SOURCE MATERIAL:
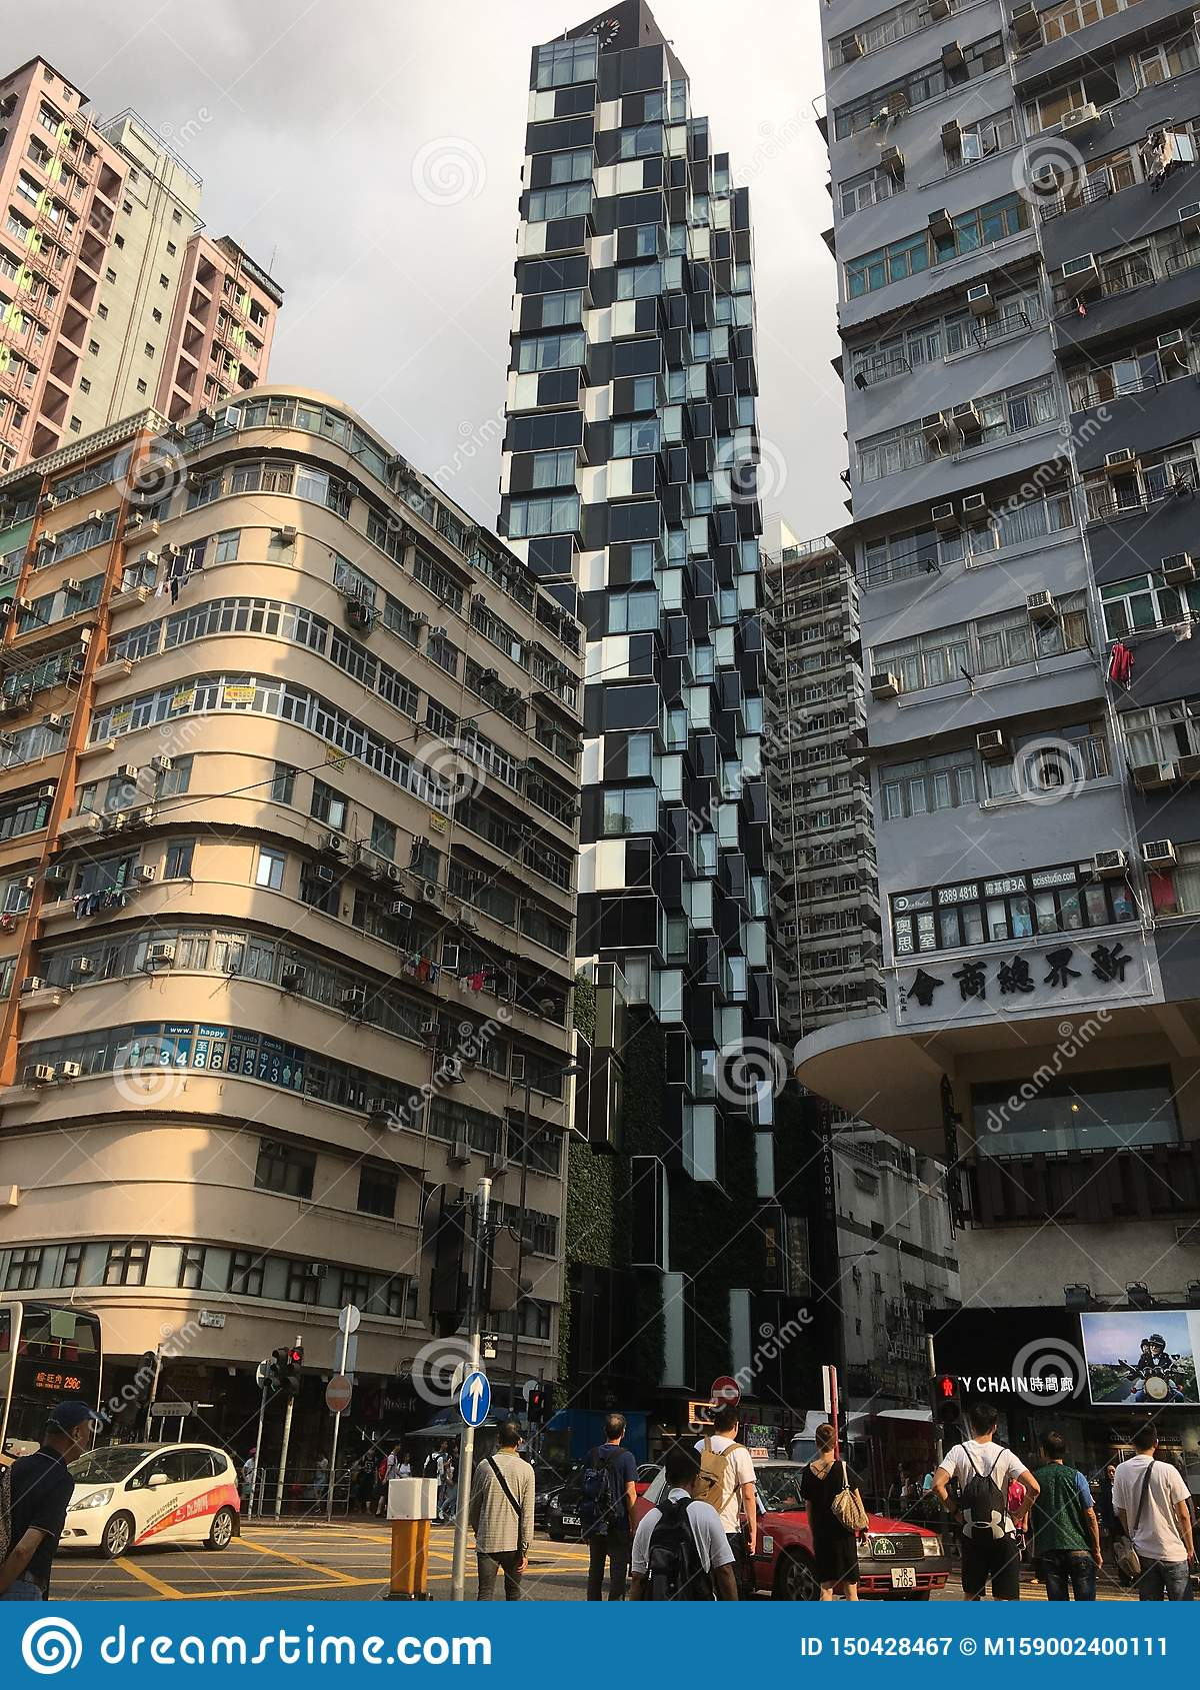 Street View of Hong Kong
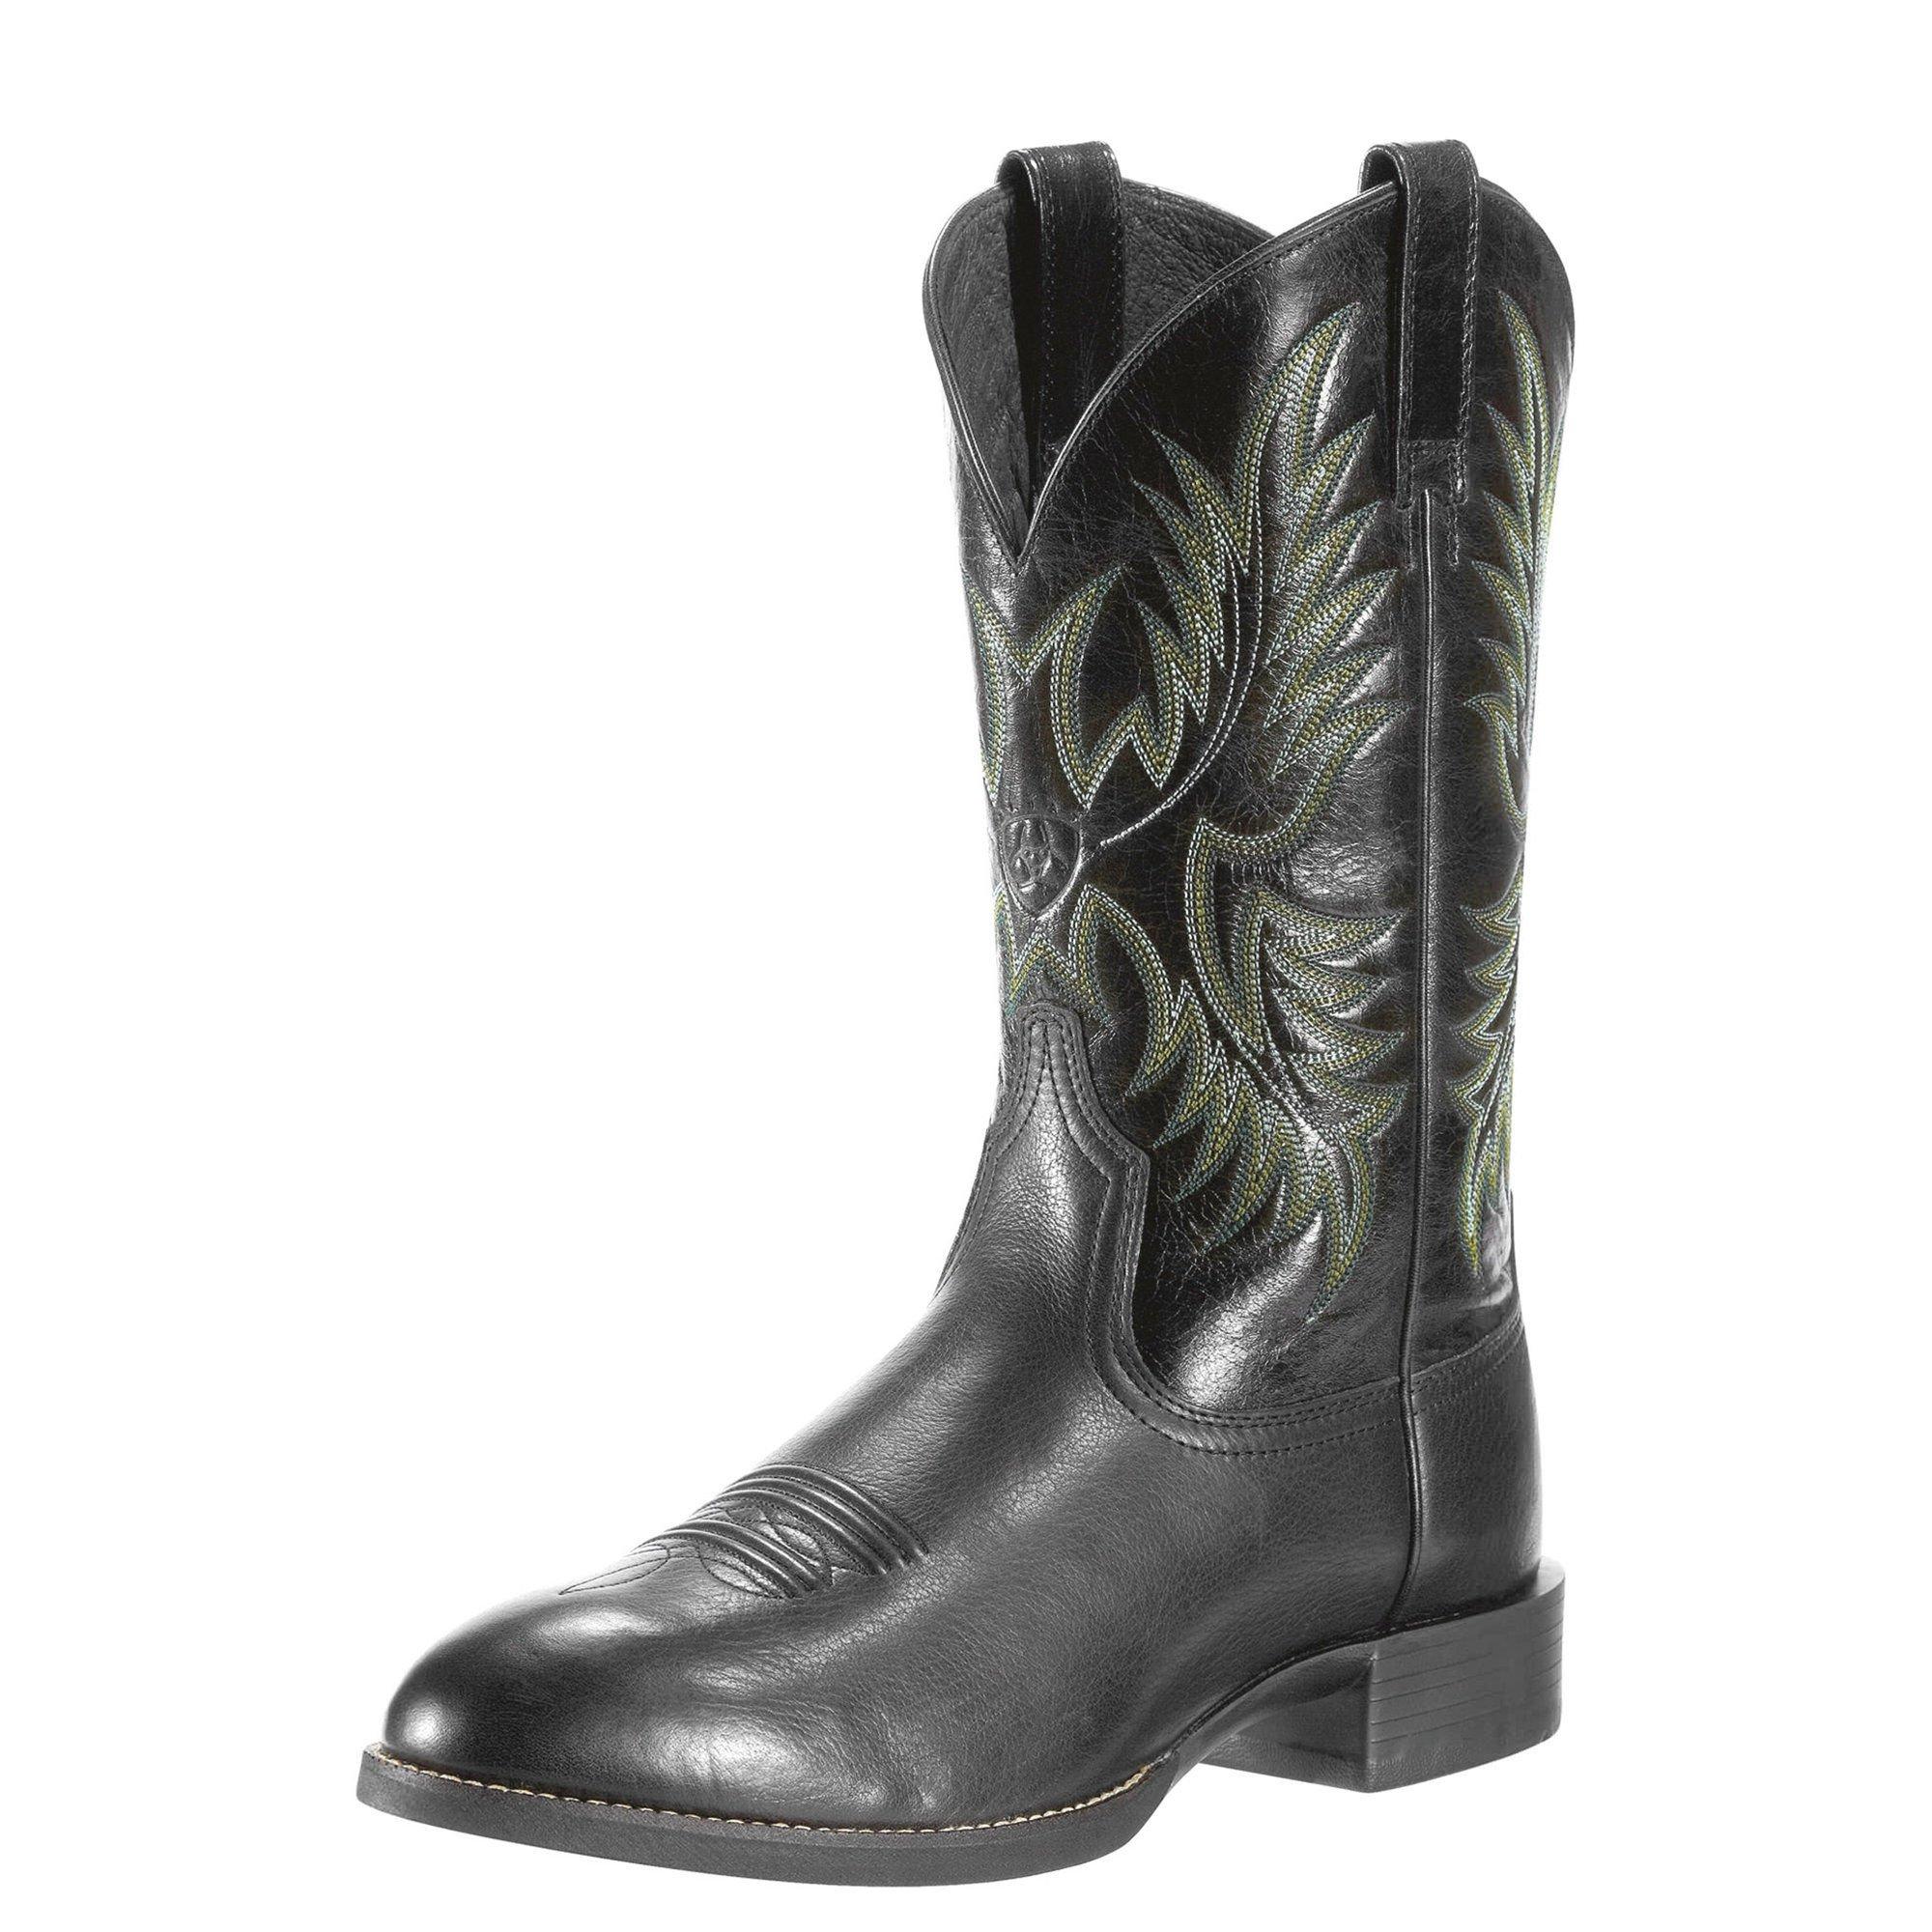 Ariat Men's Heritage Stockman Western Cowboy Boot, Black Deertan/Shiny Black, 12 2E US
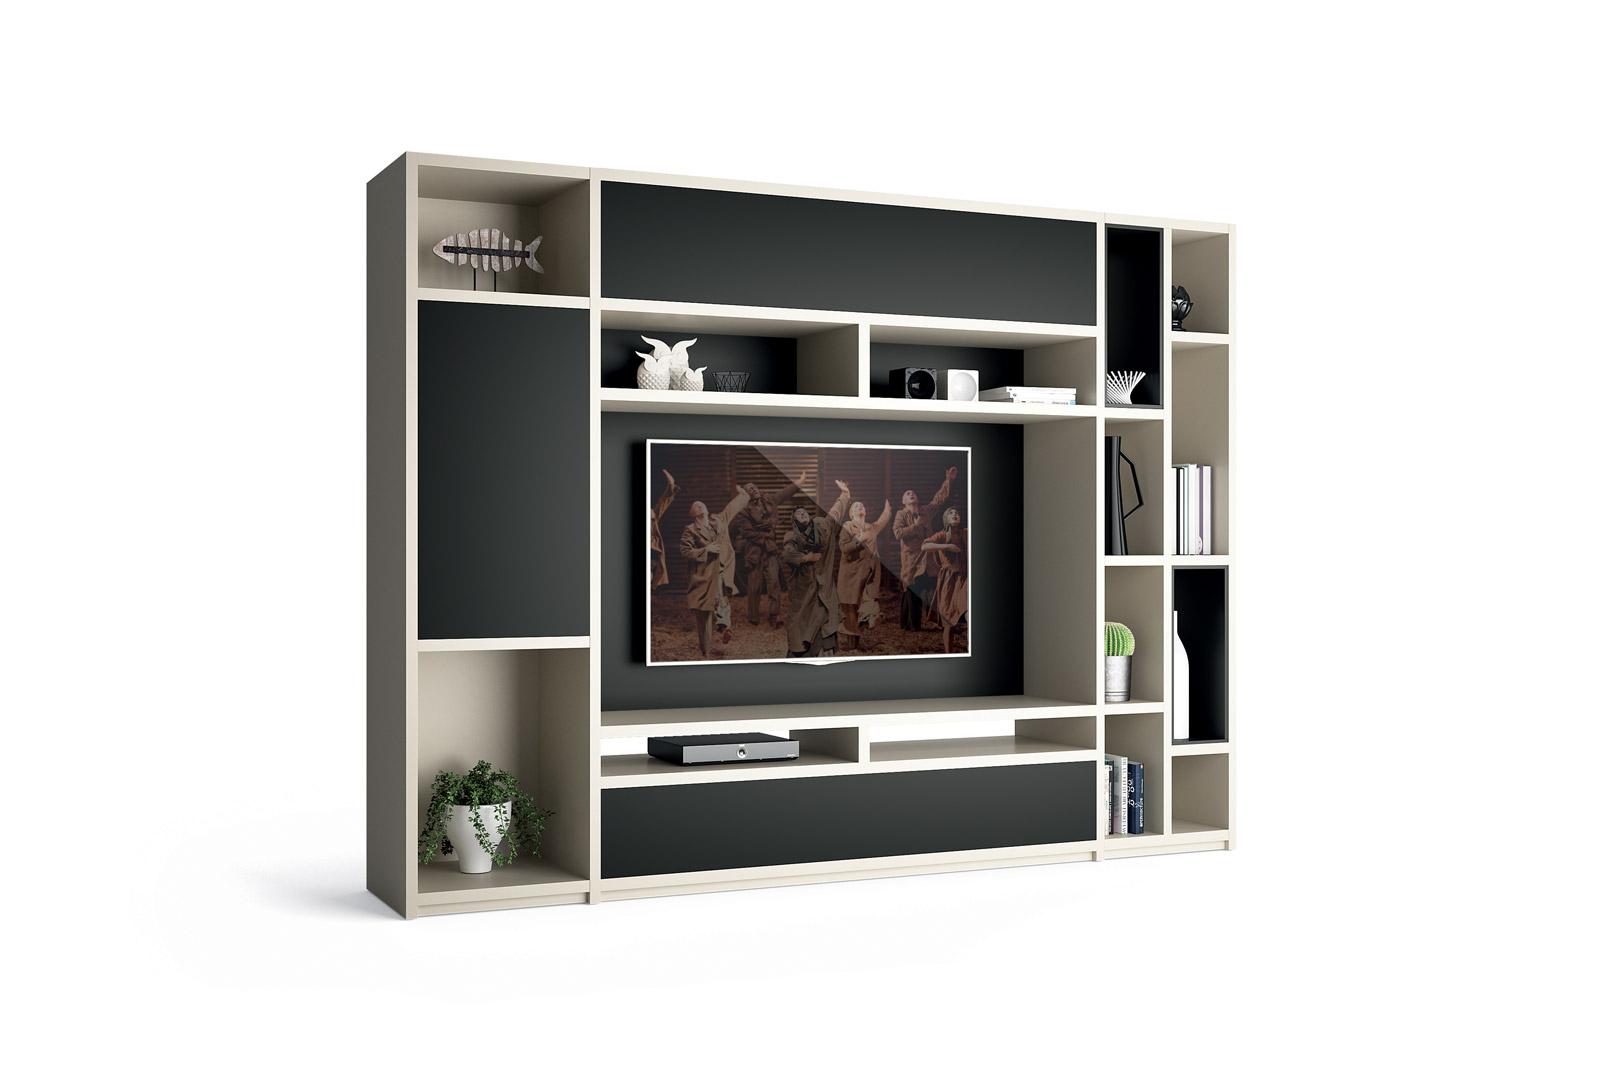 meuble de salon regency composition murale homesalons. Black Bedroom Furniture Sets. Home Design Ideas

ACTIVITY:
Copy the material above in full and exactly, skipping pictures.

WRITTEN RESPONSE:
 Street View of Hong Kong
 Ariat Men's Heritage Stockman Western Cowboy Boot, Black Deertan/Shiny Black, 12 2E US
 meuble de salon regency composition murale homesalons. Black Bedroom Furniture Sets. Home Design Ideas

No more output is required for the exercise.